What is being asked: Return the stretch from the line with "Antique Regency Mahogany" through the line with "Ali Wong at" in the data below, character for character, skipping all pictures.

Task input:
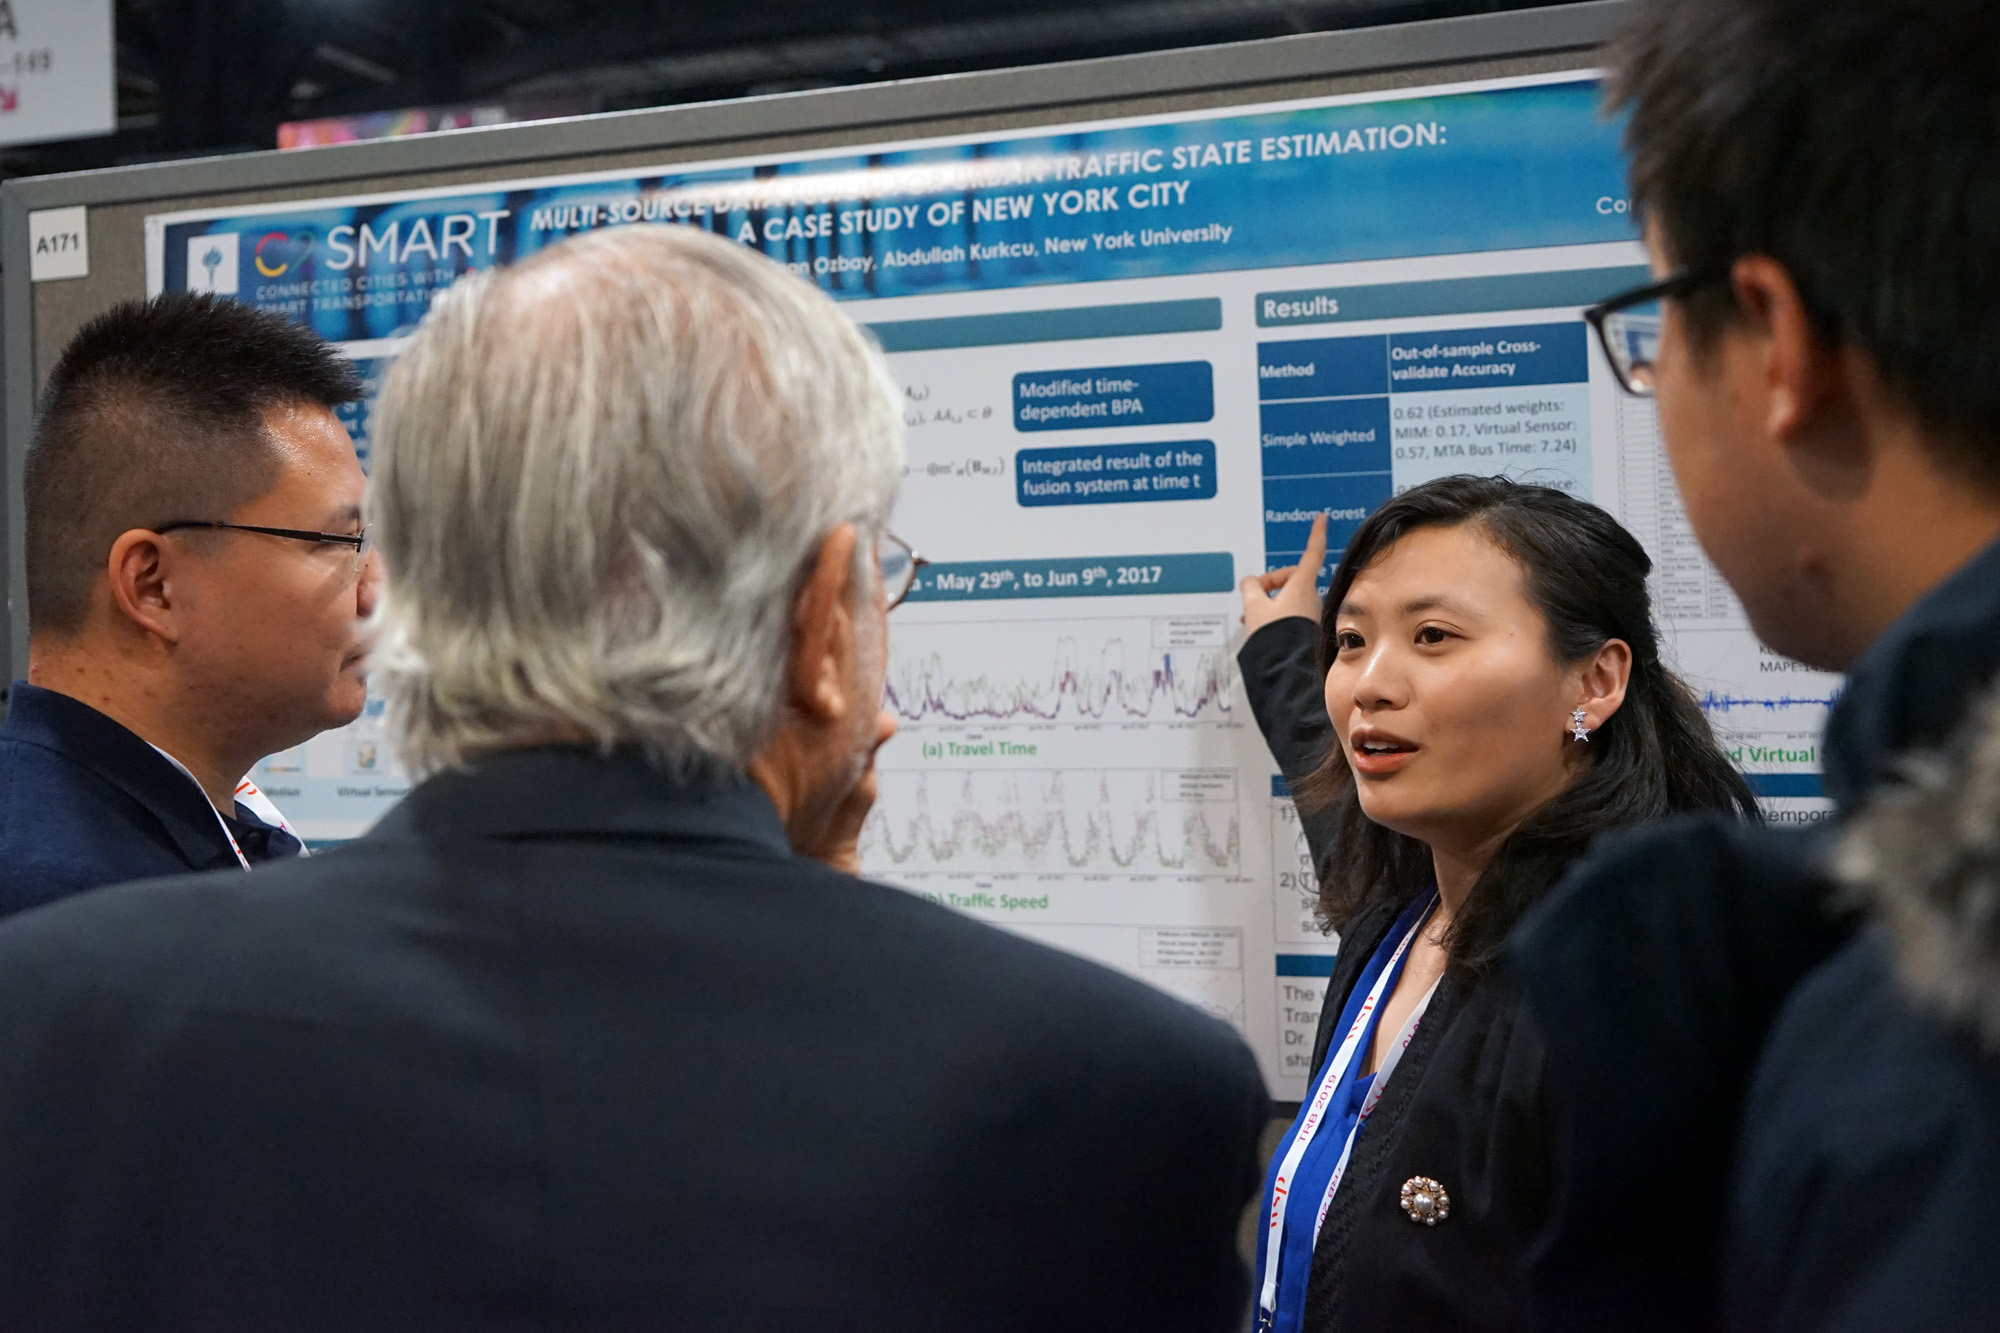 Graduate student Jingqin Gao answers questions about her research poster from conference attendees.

...

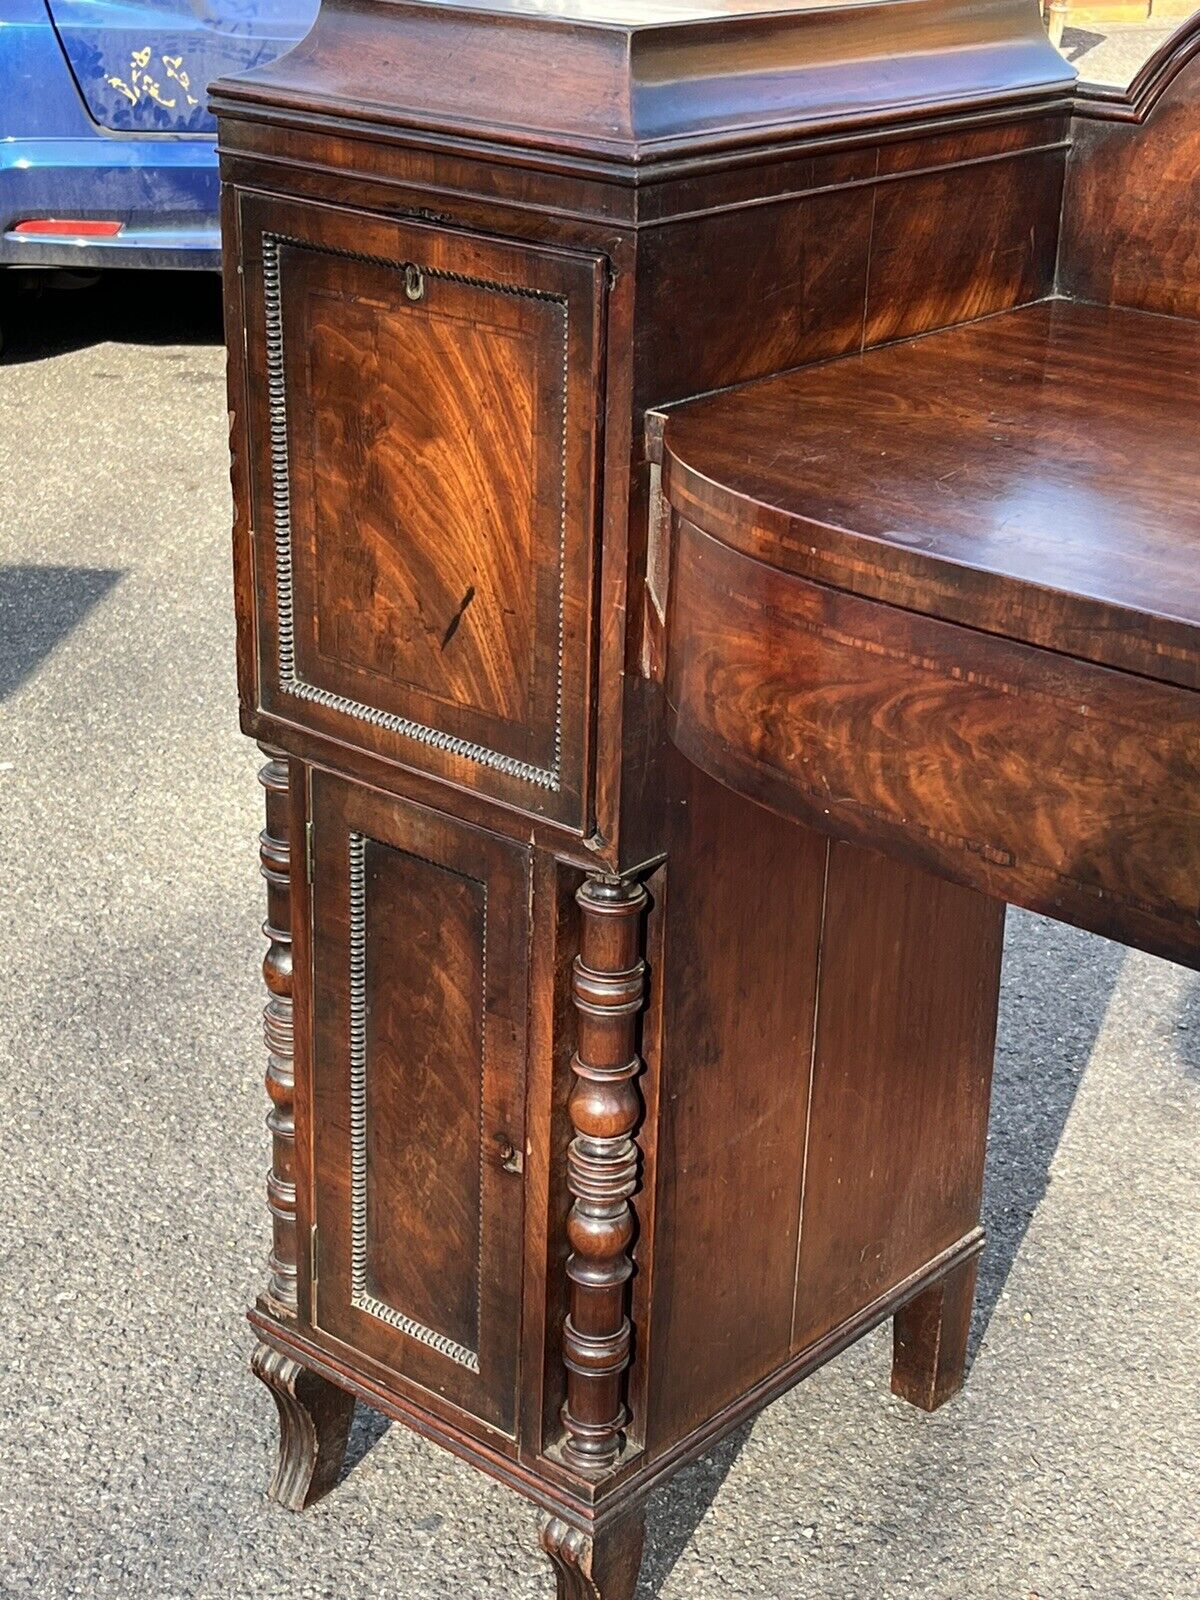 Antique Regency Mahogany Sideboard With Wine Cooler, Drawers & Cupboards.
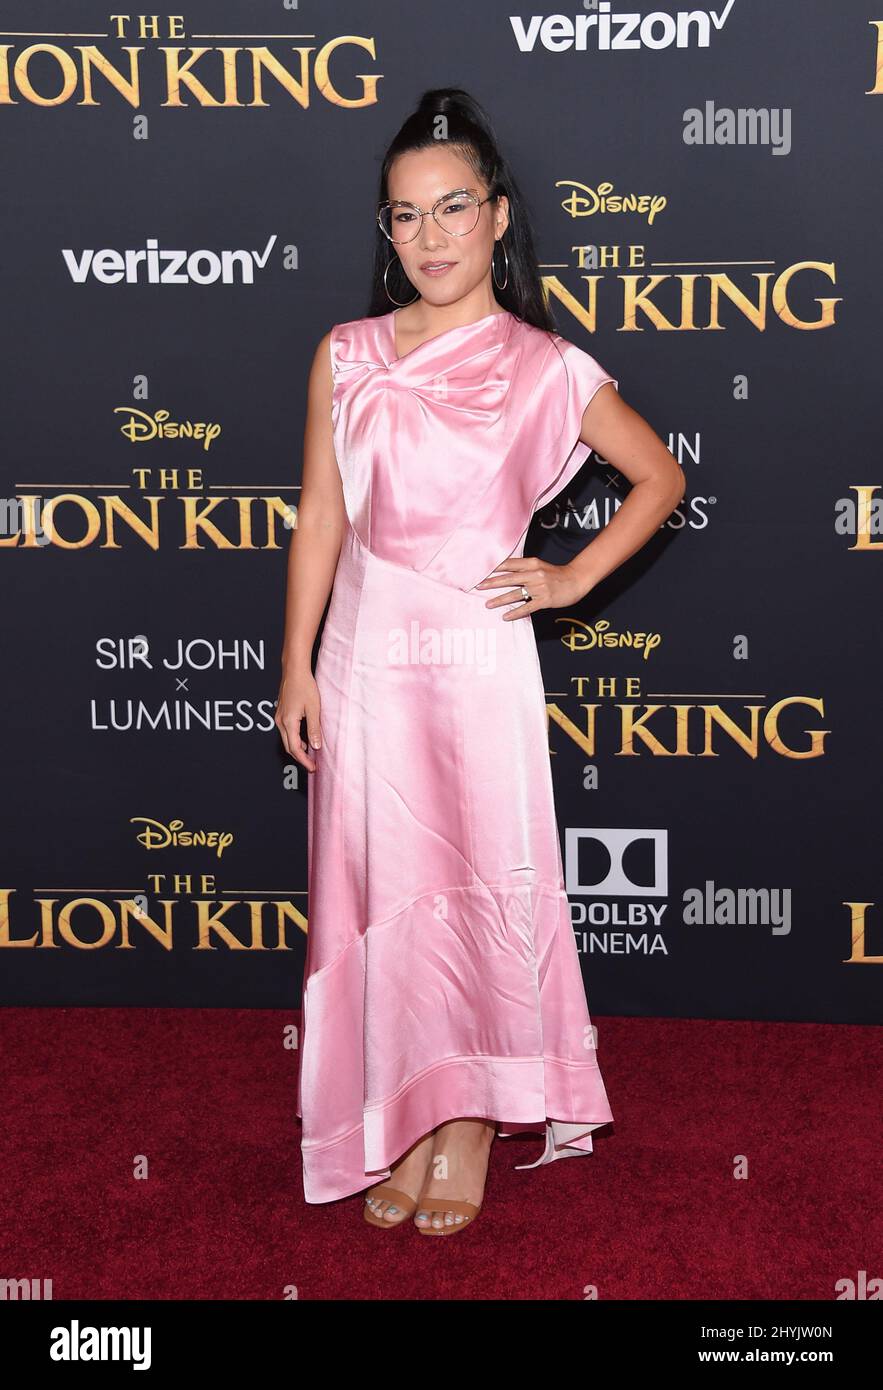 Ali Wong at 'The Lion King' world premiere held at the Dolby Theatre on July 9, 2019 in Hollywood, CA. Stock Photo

Result for this task:
 Antique Regency Mahogany Sideboard With Wine Cooler, Drawers & Cupboards.
 Ali Wong at 'The Lion King' world premiere held at the Dolby Theatre on July 9, 2019 in Hollywood, CA. Stock Photo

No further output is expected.